How bad does your company reputation have to be that people wont take your product for free? Anyone want to talk about the other MS gem that magically appeared in Outlook "Clutter" Should be renamed to "Out of sight, out of mind, out of job, out of luck" MS seriously needs to stop doing us favors.
WilD
HalfDork
3/11/16 11:52 a.m.
This may explain some weird update behavior from my Windows 7 netbook last weekend. I posted some of my feelings about Windows 10 in another thread already, so I am done talking about that. In other news, I'm planning on installing Linux on one of my PCs again for the first time in over ten years.
WinDirStat is a really useful tool for figuring out where all of your free space went.
I just caved and went to 10, since the 7 install was getting kinda flaky and all the bad stuff about 10 (telemetry) has supposedly been installed to 7 via update with no opt out options, somehow still using 10%+ of a i7 at idle though. Next step is splitting the C: partition and putting Mint on it.
Windows 10 prophylactic:
GWX Control Panel
Download this, install it and click the appropriate buttons.
http://ultimateoutsider.com/downloads/
This is a free tool that can remove and disable the 'Get Windows 10' notification area icon on Windows 7 and Windows 8. Recent versions can also disable 'Upgrade to Windows 10' behavior in the Windows Update control panel and do much more. See the user guide at the Ultimate Outsider blog. You can still download GWX Control Panel as a standalone executable if you don't like installers. Please see the "GWX CONTROL PANEL RELEASE NOTES" section at the user guide for MD5 and SHA-1 checksums of all official releases.
Brian
MegaDork
3/11/16 12:40 p.m.
At some point last week my computer decided to schedule the 10 update. Thankfully I caught it in time. I'm getting to the point of weighing my options on my next OS.
In reply to Bumboclaat:
THANK YOU. I've been manually fighting the windows 10 crap on my gaming rig and it's been getting old and trickier. This should help a lot.
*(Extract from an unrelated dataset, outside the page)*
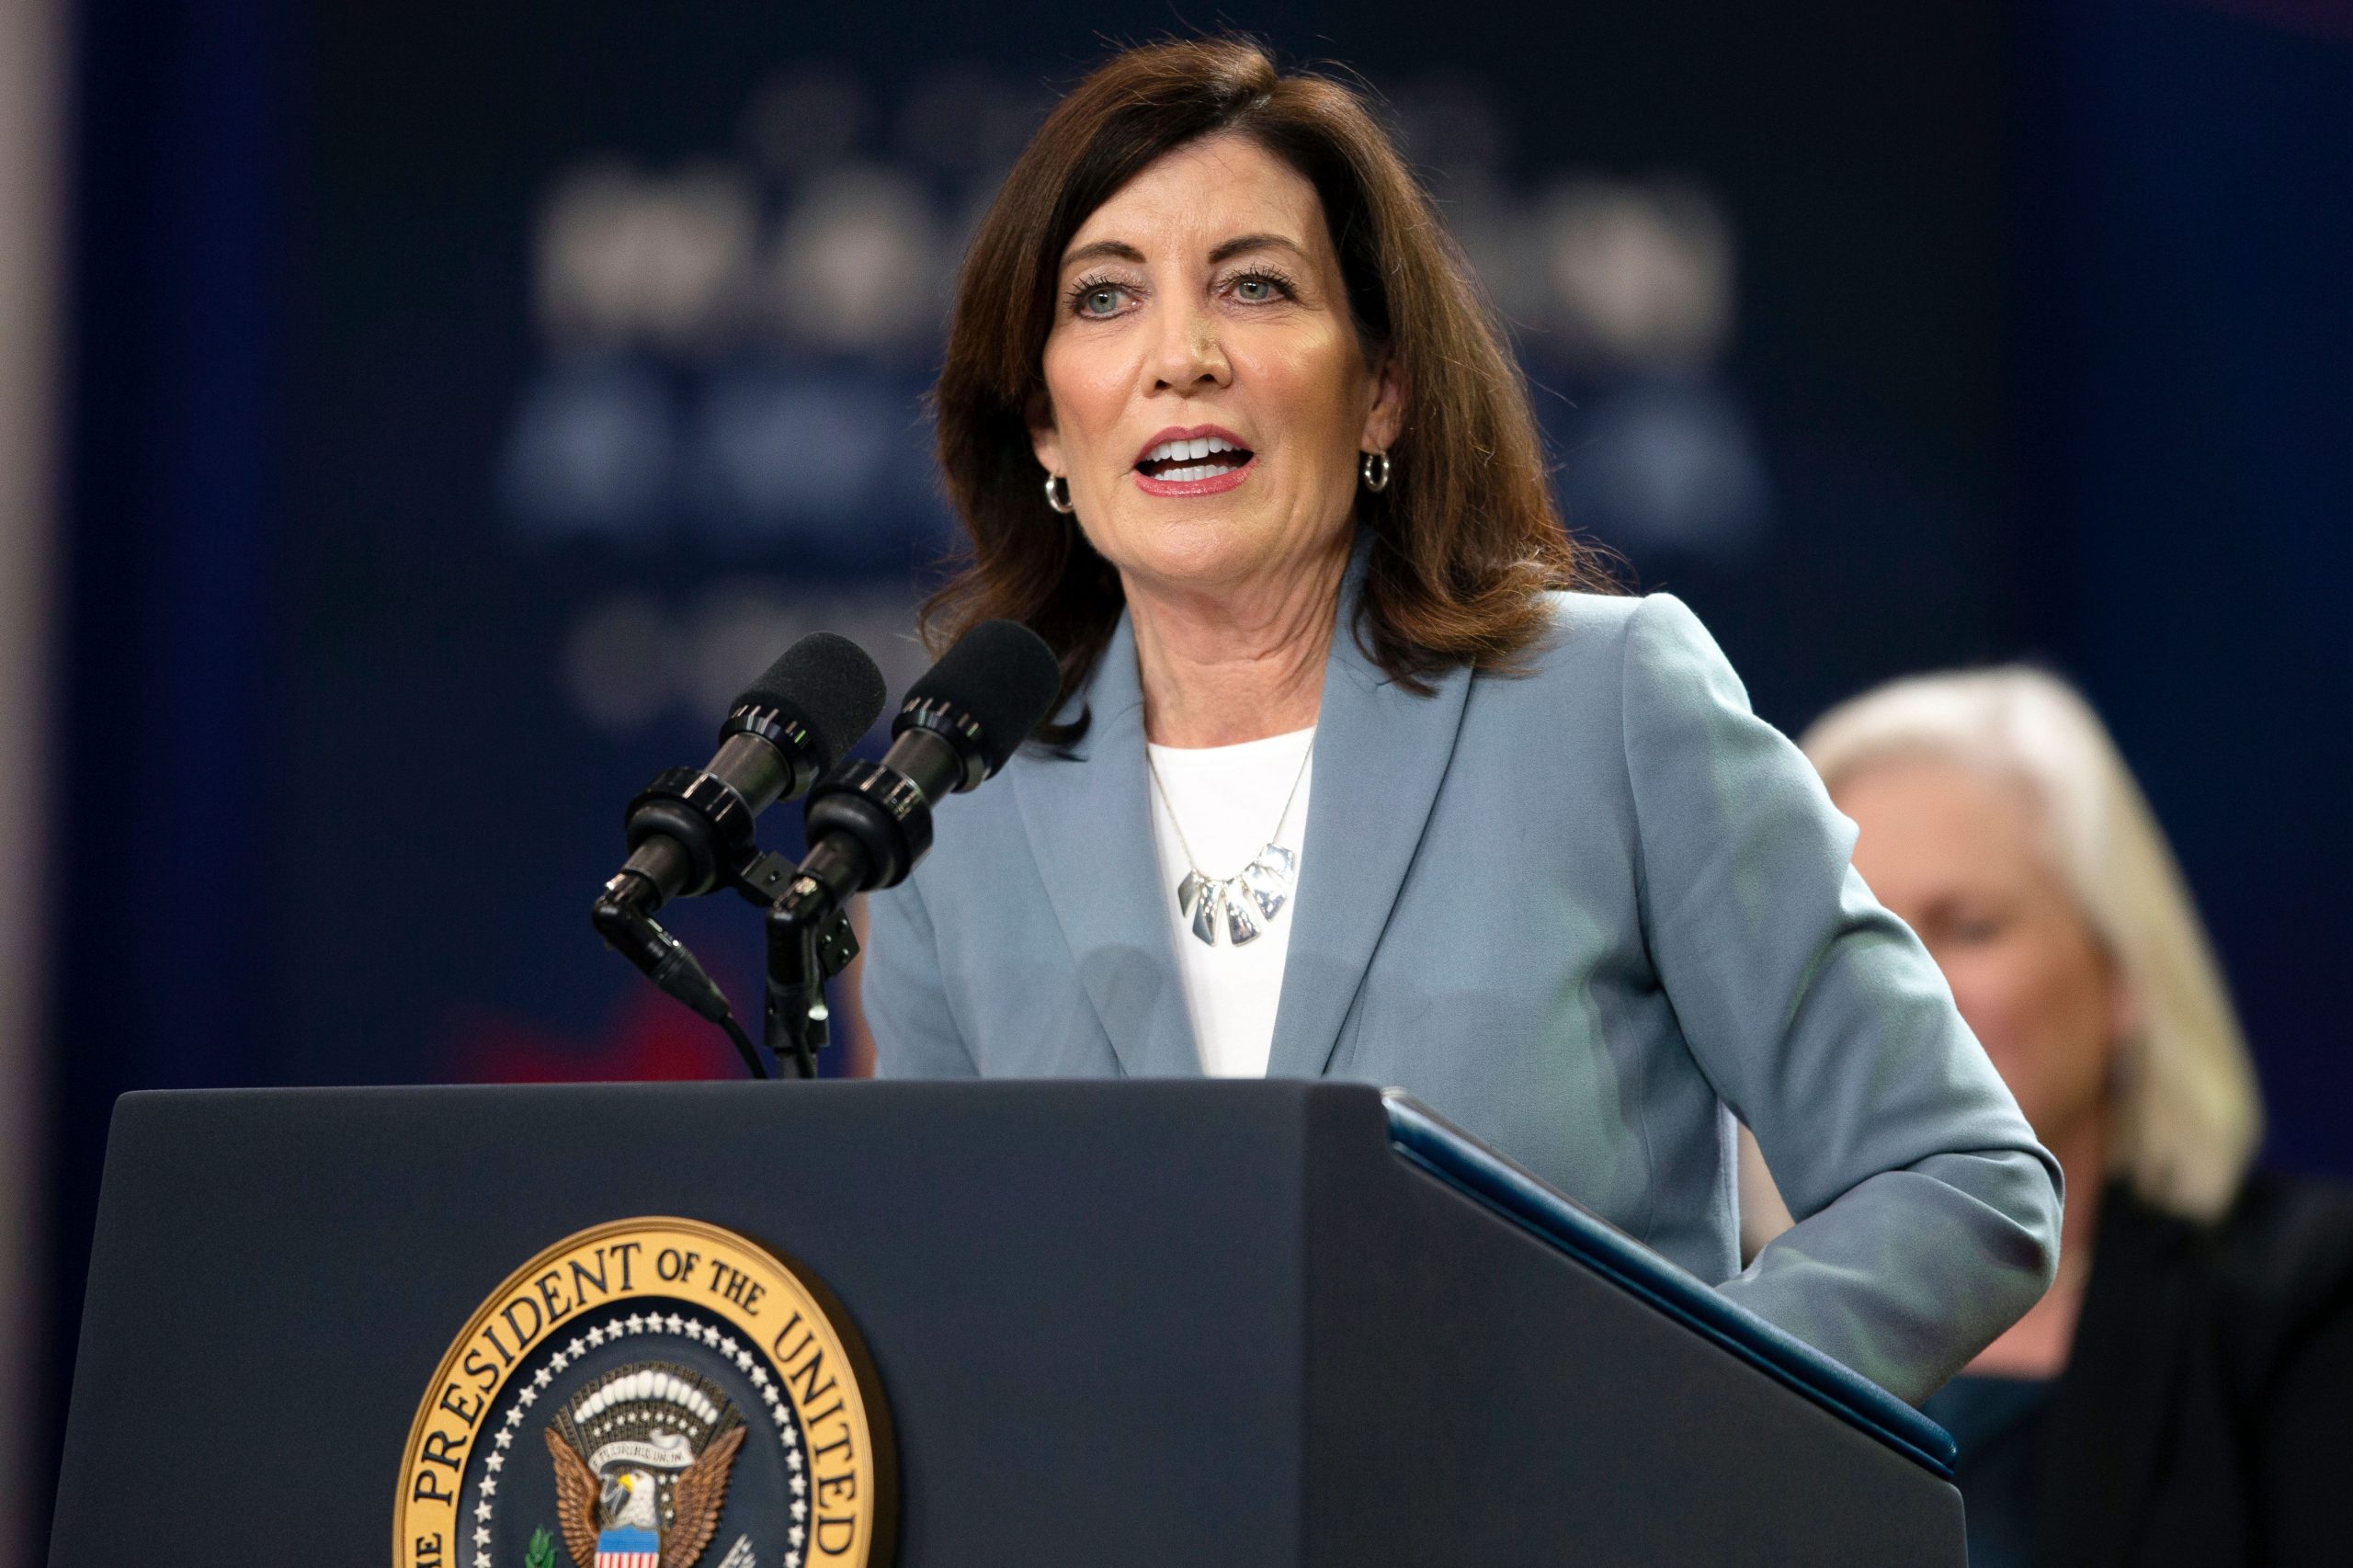 US midterms 2022: Kathy Hochul becomes New York’s first woman governor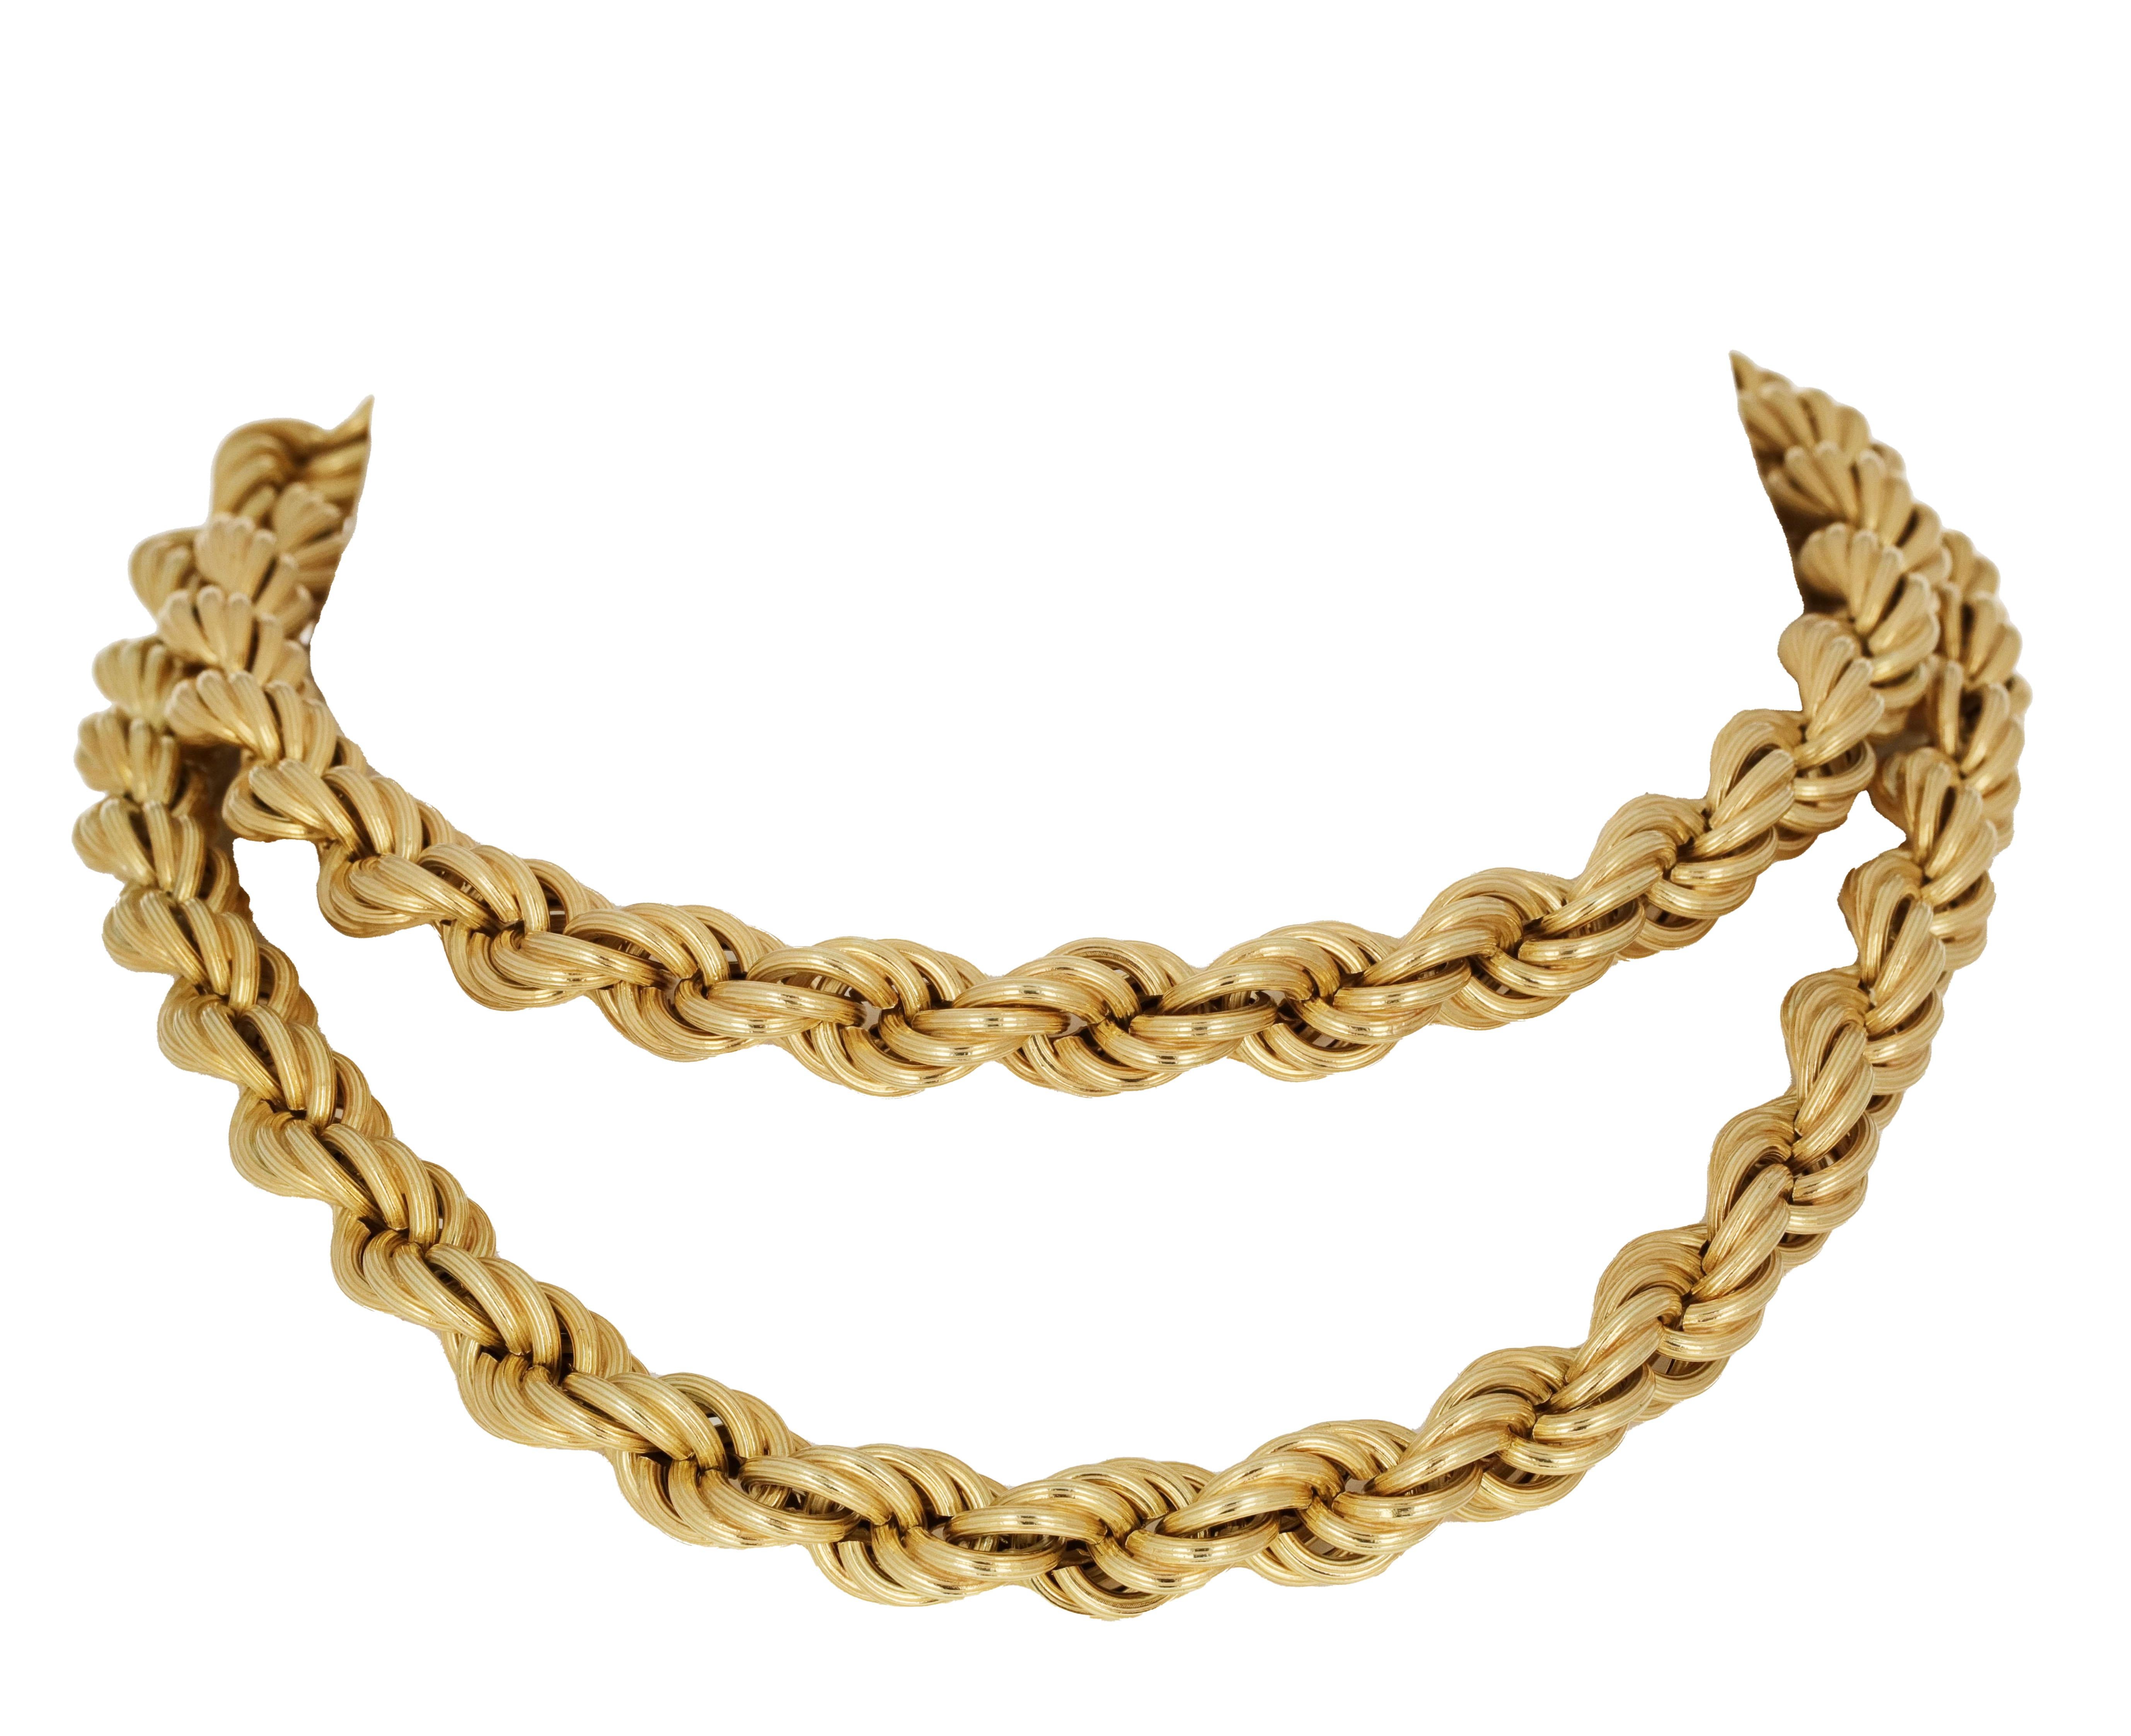 Vintage, UnoAErre, 14-karat yellow gold twisted rope chain necklace and bracelet set. These versatile pieces allow you multiple ways to showcase the bracelet and necklace. The necklace and bracelet can be worn separately or connected to make a long

Wish games still had XP support, last version of winblows I ever actually liked.
I was happy with Win7. Win10 is technically a good OS, but Microsoft has infected it with what we'd normally call spyware and is using the rolling-release update system to drag the userbase by the scruff of the neck in whichever direction they think is most profitable. MS wasn't even this brazen in the mid-90s, I'm surprised they're trying this when their empire seems to be crumbling. The Steambox is even prying PC gaming from their stranglehold right now.
In reply to GameboyRMH:
Again, I used the Win10 update to decide whether MS wanted to retain me as a customer. The answer is clearly no, so once these computers die, Apple, here I come.
If I could only convince my wife that she can still work from home in an apple environment.
Apple? That might turn out to be a case of "out of the frying pan, into the fire"...let's not forget who popularized curated computing.